Salihli yolu üzerinde de Sard antik şehrinin kalıntıları var. İlginç mimarisi ile dikkati çeken ve çok güzel bir antik şehir.
Osmanlılarda ise Manisa Sancağı, geleceğin padişahlarının ilk görev yeridir. Şehzadeler, Manisa bölgesinin yönetiminde sorumlu tutulup, idarecilik yeteneklerini geliştirirlerdi.
Strabon tarafından Katakekaumene (Yanık Ülke), olarak anılan Kula yakınlarında 1,1 milyon yıl ile 12 bin yıl arası süreçte gerçekleşen volkanik patlamalar dolayısıyla oluşmuş geniş bir arazi vardır. Yapılan araştırmalarda bölgede Yontma Taş Devri’nden kalma 15 bin ile 25 bin yıl öncesine ait ayak izleri bulunmuştur.
Tarihte ilk altın parayı basan Lidya Krallığının başşehri bugün Salihli ilçesi sınırlarında yer alan Sard şehridir. Bin tepeler bölgesinde Lidyalılardan kalma Tümülüsler ve kral mezarları bulunmuştur. Antik ticaret yolu Kral Yolu da İran ve Mezopatamyandan başlayarak ve il sınırları girerek Lidya Krallığının merkezi Sard şehrine uğrardı. (Bu gün buraların kazı çalışmaları hâlâ devam etmektedir.)
Hıristiyanlıktaki önemli 7 kiliseden, 3’ü bu ildedir; “Sardes, Philadelphia, Thyateira”
İlin Osmanlı dönemindeki adı ise “Saruhan”dır. Adını Saruhan Beyliğinden alır.

ULU CAMİ VE KÜLLİYESİ
Spil Dağı’nın kuzey eteklerinde, şehre hâkim bir konumda yer alan külliye cami, medrese ve türbe ile kuzeydoğusundaki hamamdan meydana gelmiştir.
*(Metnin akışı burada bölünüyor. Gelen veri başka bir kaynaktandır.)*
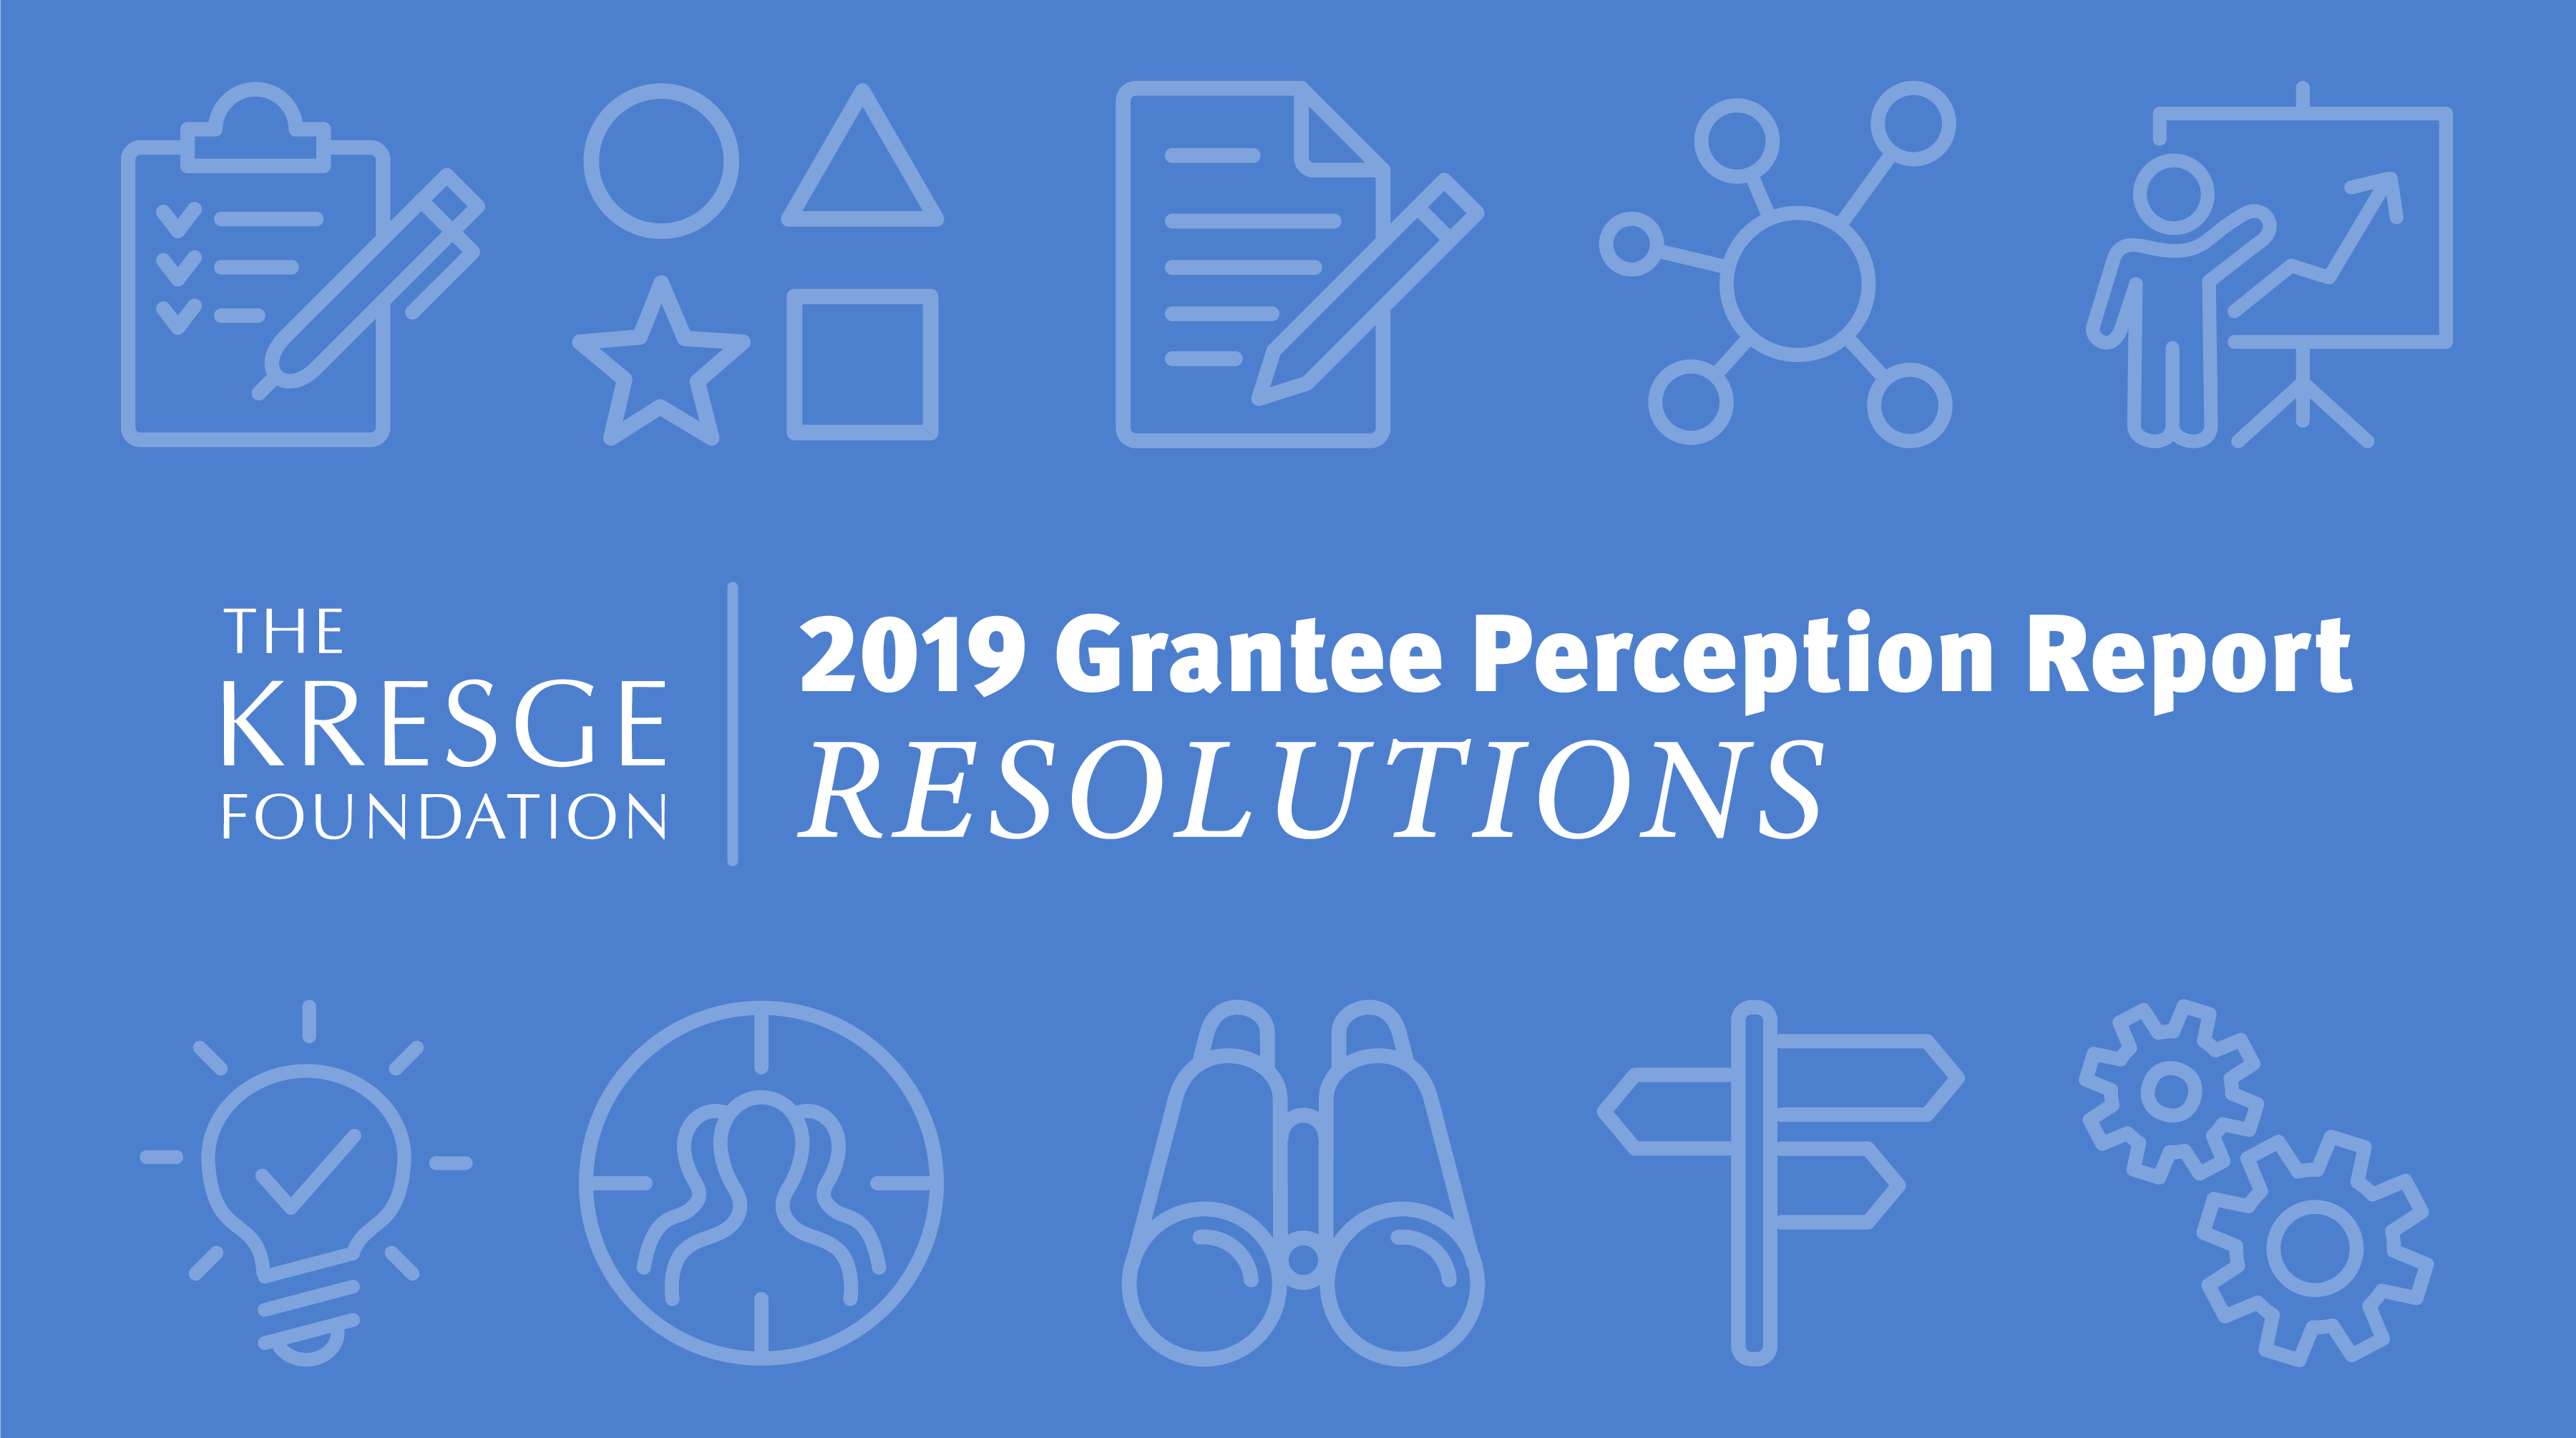 2019 Grantee Perception Report graphic

Saruhan Bey’in torunu İshak Çelebi tarafından 1366 yılında Mimar Emet bin Osman’a yaptırılmıştır. İnşasında kaba yonu taş, tuğla ve bazı antik mimarî unsurlar kullanılmıştır.
Cami, enine dikdörtgen bir plana sahip olup sekizgen ayak sistemi üzerine oturan bir büyük kubbeyle örtülmüştür. Tek minareli olan caminin hakikî kündekari tekniği ile yapılmış olan minberi Beylikler Dönemi Türk ahşap oymacılığının şaheserlerinden biridir. Minber kapısı Manisa Müzesi’nde muhafaza edilmektedir.
“Fethiye Medresesi” adıyla da anılan medrese, caminin batı bitişiğinde tek eyvanlı, iki katlı olarak camiden on yıl kadar sonra aynı mimar tarafından yapılmıştır. Şehrin en eski medresesi olan yapının kuzeye bakan taç kapısının her iki yanında birer çeşme bulunmaktadır. Cami ile medrese arasındaki geçidin güney duvarından açılan bir kapıyla girilen türbede bulunan dört sandukanın İshak Çelebi ve ailesine ait olduğu sanılmaktadır. Külliyenin hamamı ise “Çukur Hamam” olarak bilinmekte olup günümüzde hayli harap bir durumdadır. Hamamın külliyeye gelir getirmesi amacıyla yapıldığı vakfiyesinden anlaşılmaktadır.

SİNAN BEY MEDRESESİ
Karaköy semtinde yer alan medrese, 15. yüzyılda Fatih Sultan Mehmed’in müderrislerinden Titrek Sinan Bey tarafından yaptırılmıştır. Beylikler dönemi mimarisinden klâsik Osmanlı mimarisine geçiş özellikleri gösteren açık avlulu tarzdaki medreseye giriş, kuzeye bakan bir taç kapı ile sağlanmaktadır. Dikdörtgen planlı medresenin güney cephesinde mescid–dershane, doğu ve batı kanatlarında ise beşer oda yer almaktadır. Vakfiyesinden, medresenin yanında bulunduğu anlaşılan sübyan mektebi günümüze ulaşmamıştır.”
Manisa’nın birçok tarihe ışık tutan eserleri var. Niobe (Ağlayan Kaya), Kybele Kaya Anıtı, Peri Bacaları, Kula Volkanları, Bintepeler, Fosil Ayak İzleri gibi asırlara dayanan ilginç hikâyeleri ile dikkat çekmekte. Bu kadarını sizlerle paylaşarak, gidip görmenizi tavsiye ediyorum. Manisa durağımız haftaya kaldığı yerden devam edecek, yeniden görüşmek üzere.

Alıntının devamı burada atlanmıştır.